Легковеснее джойсовского “портрета” был “Портрет художника в щенячьем возрасте” (1940) молодого Дилана Томаса, но и эта параллель здесь тоже неуместна. Ситуация англоязычного валлийского писателя Дилана Томаса (как и англоязычных ирландцев) схожа с ситуацией польско-литовскости Милоша. Милош однажды использовал Уэльс как один из “синонимов” своей родной Литвы: “Хочется удивить мир, спасти мир, но мир не удивишь и не спасешь. Мы призваны для деяний, важных только для нашей деревушки (скорее всего Милошу пришла тут в голову “Деревушка” ценимого им Фолкнера, но я вспомнил сейчас и о “деревушке” цитированных мною выше страниц Шпенглера — В.Б.), для нашей Каталонии, нашего Уэльса, нашей Словении”.

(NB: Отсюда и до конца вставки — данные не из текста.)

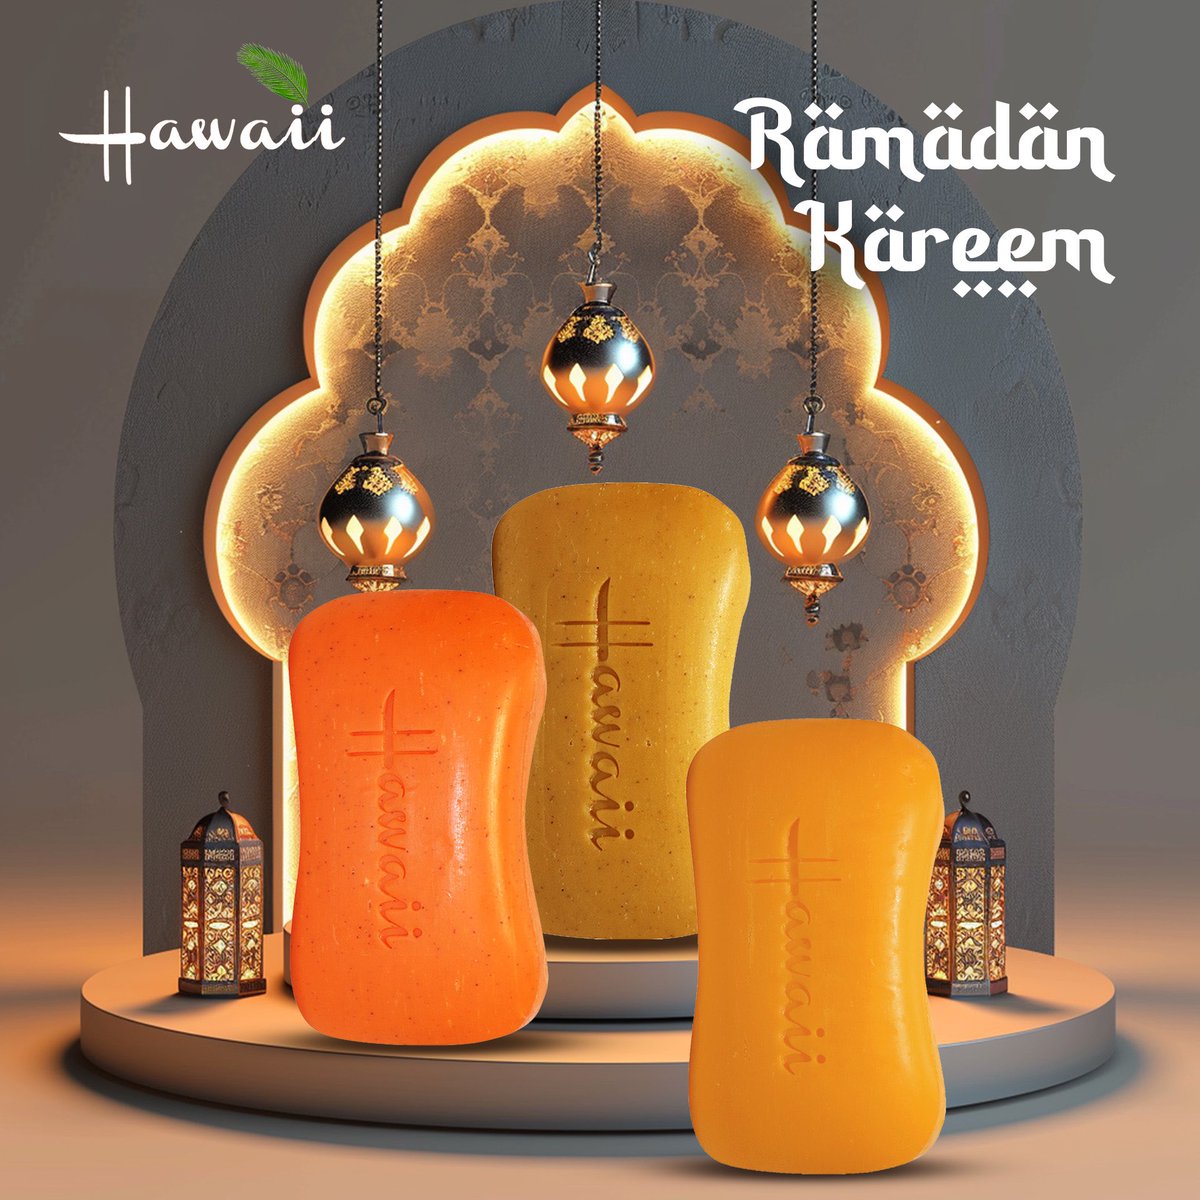 As we embark on this holy journey of self-reflection and spiritual growth, prioritise your well-being. Embrace the beauty of Ramadan with a healthy glow that emanates from within. #HawaiiNIgeria #HawaiiSoap #RamadanKareem

Русскому читателю, когда он откроет “Долину Иссы” Милоша, какой-либо тон задавать не нужно. Тот ряд, в который естественным образом встала бы у нас книга Милоша о детстве, в сознании русского читателя существует с детства. В этот ряд — от Аксакова до Набокова — входят и трилогия Льва Толстого, и “Детство Темы” Гарина, но особо созвучна повесть Милоша аксаковскому творчеству (если суммировать “Детские годы Багрова-внука” с “Семейной хроникой” и книгами об охоте), Бунину (первым главам “Жизни Арсенева”), с Набоковым же, с его “Другими берегами” (1954), сближают Милоша в этой повести не столько творческие принципы, сколько общность эпохи, близость поколений, одновременность написания обеих книг, сходство биографий, вернее, судеб двух писателей-изгнанников.
Впрочем, есть общие черты и в самой материи и в поэтике обеих книг. В частности, обе они воскрешают, выражаясь словами Набокова, “рай осязательных и зрительных откровений” ребенка и подростка. Общими были и некоторые игры обоих мальчиков: игры в индейцев, “майнридовские игры” (Милош впоследствии посвятит Томасу Майн Риду одно из эссе).
Набоковские “Другие берега” (1954) писались много лет спустя после “катастрофы”, убравшей, по выражению Набокова, “сразу и навсегда прелестную декорацию”. Для Набокова и обстановки его детства такой катастрофой была русская революция, уничтожившая угасавший мир русского усадебного дворянства. Усадебный мир детства Милоша ограничила и урезала (в буквальном смысле) земельная реформа в независимой Литве а начале 1920-х годов, уничтожила же этот мир Вторая мировая война, события 1939-1945-го.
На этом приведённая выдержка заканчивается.